We can call it post truth but it’s just dishonest leadership by a different name.
Bernie Sanders, Vermont senator and former presidential candidate, branded US President-elect Donald Trump “a pathological liar”. The New York Times shone a light on his lies about the popular vote. If that seems too partisan to you, check out Politifact, the independent fact-checking website that rates Trump as making true statements 4% of the time. Compare that to a combined score where his statements are “mostly false”, “false” and “pants on fire” at 70%.
Thing is, Trump’s not the only one who’s a fan of dishonest leadership. National Geographic’s show on climate change, The Years of Living Dangerously, tells us that in Nevada and Florida energy companies are actively campaigning to eliminate solar energy. In Florida the utility-backed Consumers for Smart Solar launched a petition to let state and local regulators decide on the future of solar. The problem? It was a look-a-like petition to Floridians for Solar Choice that would allow independently run solar installations across the state. The result?
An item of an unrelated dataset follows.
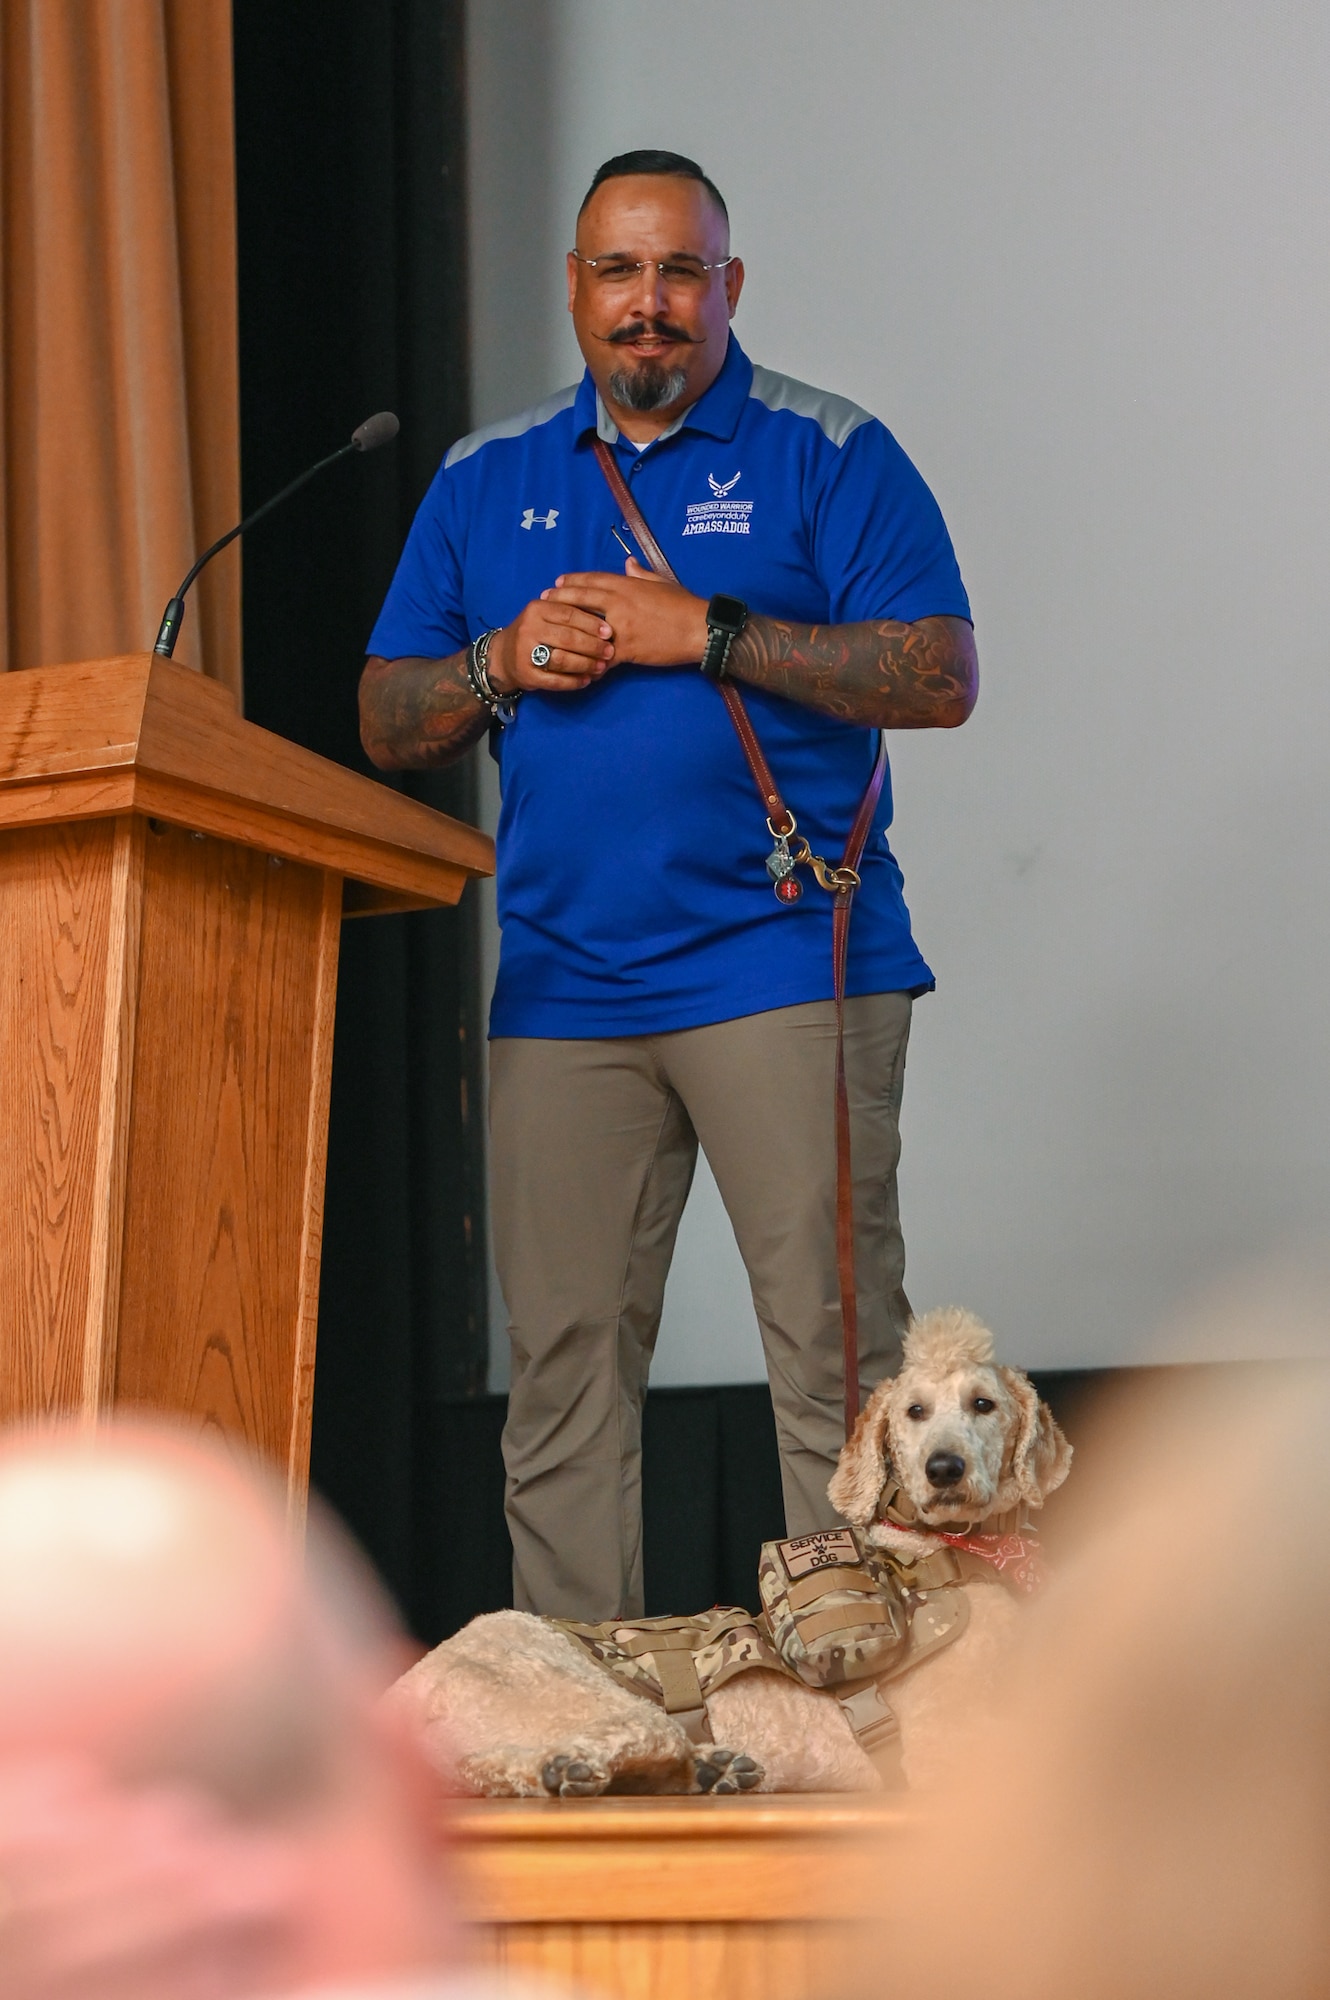 Master Sgt. Jose Rijos, senior noncommissioned officer in charge of domestic operations, Massachusetts Air National Guard and Wounded Warrior Ambassador, accompanied by his service dog, Cairo, speaks at the Hanscom Air Force Base theater, Aug. 22. As an Air Force Wounded Warrior Program ambassador, Rijos shared his personal story of post-traumatic stress disorder and the steps he took to recovery. (U.S. Air Force photo by Mark Herlihy)

Confused consumers sign the Consumers for Smart Solar petition thinking they’re advocating full solar choice.
It’s probably good for the short term profits of those energy companies, but the dishonest leadership means trust (already in short supply) is eroded, in companies and in our societies.
A title doesn’t make someone a good leader, it’s a mindset: a way of looking at the world. And the first place we start leading—the first person we lead—is ourselves. We all know if we’re lying. We feel that sharp pang of inauthenticity.
Eight years ago I found myself living a life that wasn’t authentic. When I pulled the emergency brake on that life I realized how dishonest leadership is a short term strategy. It’s when I began to focus on my own leadership mindset.
Our professional lives are no different, but we often don’t take the risk to speak out when we know our business or our leaders are being dishonest. Leadership isn’t just about the people at the very top, it’s about people throughout an entire organization or country, leading in their sphere of influence.
For me that’s the mindset we need as our world lurches toward an uncertain future ripe with dishonest leadership. There will always be demagogues willing to take advantage of those left behind by things like globalization; by those who feel bullied by an establishment that has long since stopped working for them.
Leadership isn’t about exploiting the desperation of others. A leadership mindset is about showing others what they’re capable of becoming.
If people want to follow us that’s not a game it’s a privilege. It’s a time for selflessness; for doing what’s in the best interests of all, not the few.
There’s a question I think a leader needs to ask themselves several times a day. It’s a simple question with what should be a simple answer. It’s this: “Now that people are following you, are you proud of where you’re leading them?”